Rappahannock News

It’s official: Rappahanno­ck County is a ‘food desert’

- By John Mccaslin Rappahanno­ck News staff

State lawmakers in Richmond now have a name for counties like Rappahanno­ck that for one reason or another have no sizable and affordable grocery store: “Food deserts.”

Jessica Wetzler, of the Capital News Service, writes of a bipartisan group of public officials who are urging the General Assembly to create a Virginia Grocery Investment Fund to help attract supermarke­ts to “food deserts” in the state.

Outgoing Gov. Terry McAuliffe included $7.5 million in his proposed 2018-20 budget to establish the grocery fund within the Department of Housing and Community Developmen­t, she reports.

While Rappahanno­ck County is often described as affluent, which is certainly accurate when compared

to other rural counties in the state, there’s a separate story to tell about the percentage of poor who live here who like everybody else have to travel a long distance to find a variety of groceries that are affordable.

Sen. Bill Stanley, Franklin Republican, and Sen. Rosalyn Dance, Petersburg Democrat, have joined to sponsor SB 37, which would provide funding to build or expand grocery stories in underserve­d communitie­s.

“I have carried many bills,” Stanley said, “but [none] as important as this one.”

In the House, HB 85 is being sponsored by Dels. Dickie Bell, Staunton Republican, and Delores McQuinn, Richmond Democrat.

“It’s 2018, terms like ‘food desert’ should not be part of our vocabulary, but it is,” Bell said. “We should not have hungry Virginians, but we do.”

More than 1.7 million Virginians, including 480,000 children, live in lowincome areas with limited supermarke­t access, Wetzler reports.
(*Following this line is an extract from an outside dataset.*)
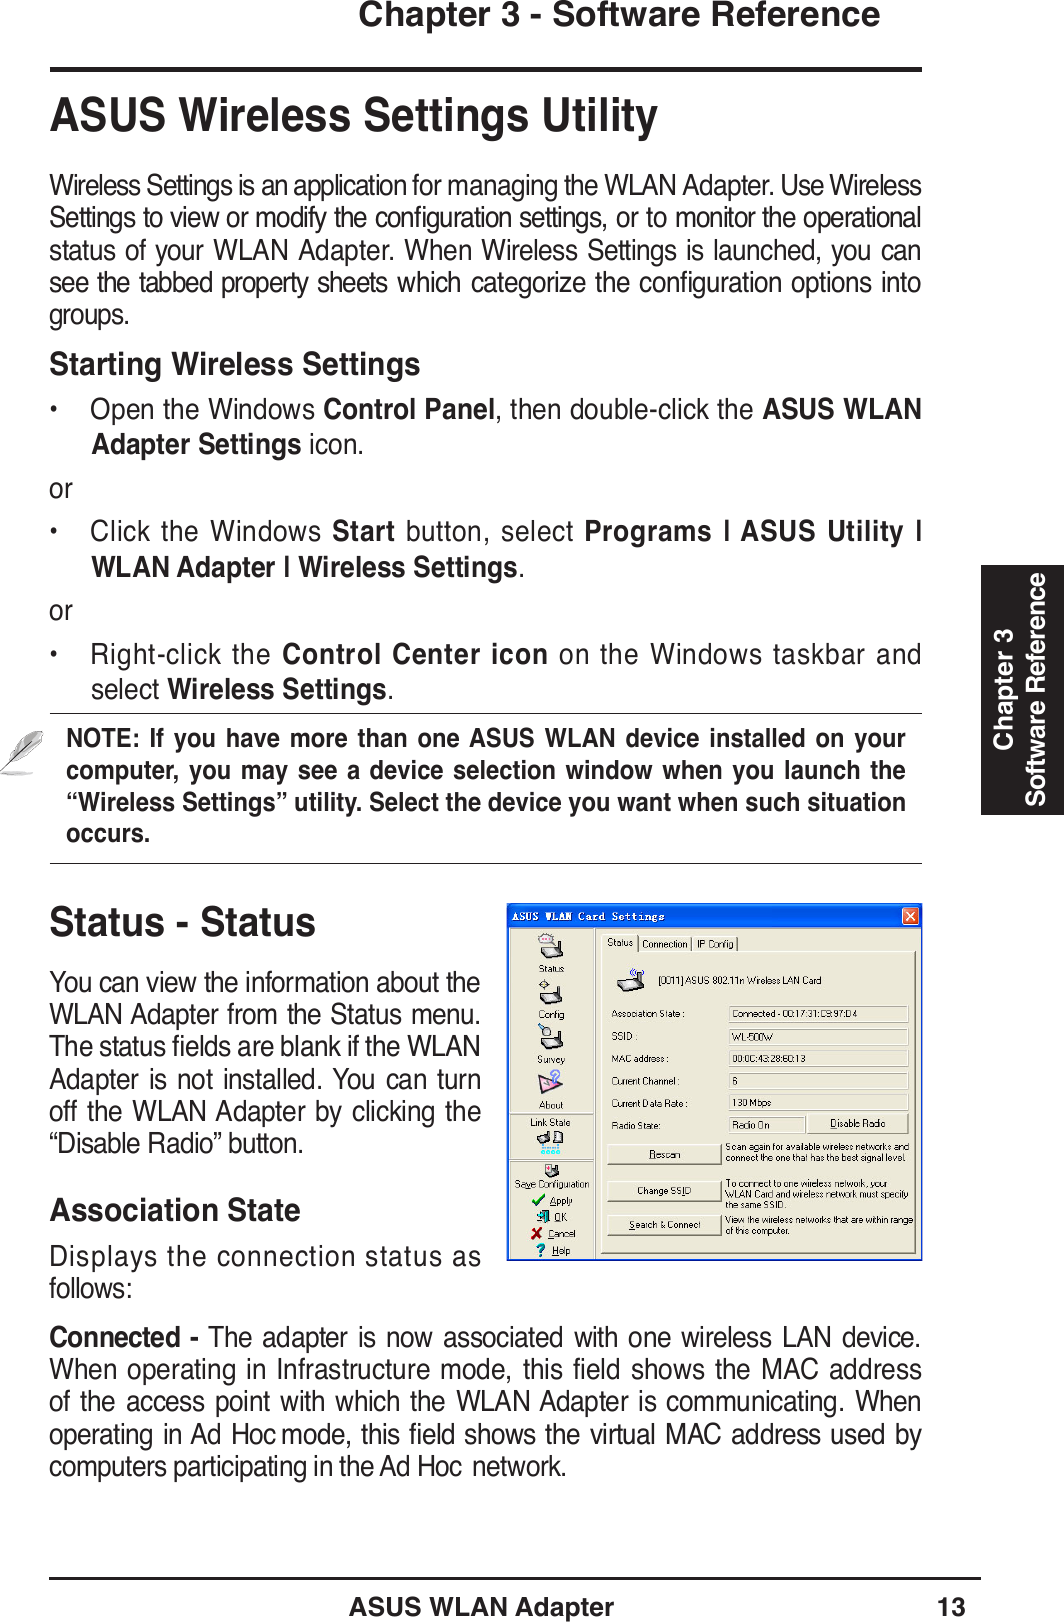 ASUS WLAN Adapter 13Chapter 3 - Software ReferenceChapter 3Software ReferenceStatus - StatusYou can view the information about the WLAN Adapter from the Status menu. 7KHVWDWXVÀHOGVDUHEODQNLIWKH:/$1Adapter is not installed. You can turn off the WLAN Adapter by clicking the “Disable Radio” button.Association StateDisplays the connection status as follows:Connected - The adapter is now associated with one wireless LAN device. When operating in Infrastructure mode, this field shows the MAC address of the access point with which the WLAN Adapter is communicating. When operating in Ad Hoc PRGHWKLV ÀHOGVKRZV WKHYLUWXDO 0$&amp;DGGUHVV XVHGE\computers participating in the Ad Hoc  network. ASUS Wireless Settings UtilityWireless Settings is an application for managing the WLAN Adapter. Use Wireless 6HWWLQJVWRYLHZRUPRGLI\WKHFRQÀJXUDWLRQVHWWLQJVRUWRPRQLWRUWKHRSHUDWLRQDOstatus of your WLAN Adapter. When Wireless Settings is launched, you can VHHWKHWDEEHGSURSHUW\VKHHWV ZKLFKFDWHJRUL]HWKHFRQÀJXUDWLRQRSWLRQVLQWRgroups.Starting Wireless Settings• Open the Windows Control Panel, then double-click the ASUS WLANAdapter Settings icon.or• Click the Windows Start button, select Programs | ASUS Utility | WLAN Adapter | Wireless Settings.or• Right-click the Control Center icon on the Windows taskbar and select Wireless Settings.NOTE: If you have more than one ASUS WLAN device installed on your computer, you may see a device selection window when you launch the “Wireless Settings” utility. Select the device you want when such situation occurs.

These areas are often called food deserts — communitie­s where residents are unable to access fresh produce, lean meats and other nutritious food.

“It’s not a political issue, it’s a human issue,” Stanley noted.

As this newspaper revealed last summer, Rappahanno­ck has one of the highest rates of income inequality in the United States, ranking an astonishin­g 64th among the entire 3,084 jurisdicti­ons (counties and county equivalent­s) in the United States.

According to federal and state figures, Rappahanno­ck households in the top 1 percent income bracket earn 33 times that of households in the bottom 1 percent — a persistent problem cited by lower-income residents across the country, as it drives up local costs.

At the same time, Rappahanno­ck has the highest poverty rate — 10 percent — in Virginia’s northern Piedmont region, with an even higher poverty rate for children at more than 16 percent.

Through the fund, private-public partnershi­ps leveraging state dollars with private money will be made to provide onetime, low-interest loans or small grants. The objective is to encourage such food retailers as grocery stores or innovative food retail projects to open or renovate markets in underserve­d communitie­s. Supporters say that would also provide new jobs.

An argument often heard in Rappahanno­ck County is that its population of just over 7,000 people is too small to support a large grocery, which is why one no longer exists. Others will tell you that a majority of Rappahanno­ck residents are opposed to any larger grocery store setting up shop in the county.

But an “innovative food retail project,” as is being discussed in Richmond, might not be a stretch for Rappahanno­ck County.

The investment fund would have a goal of working with more than 15 healthy food retail projects, with an average of 40 new and retained jobs per grocery store, Wetzler reports.

“We’ve worked for four years to expand food access across Virginia, and this legislatio­n will move us forward,” former Virginia First Lady Dorothy McAuliffe said on Twitter.

“It’s a right for all Virginians and Americans.”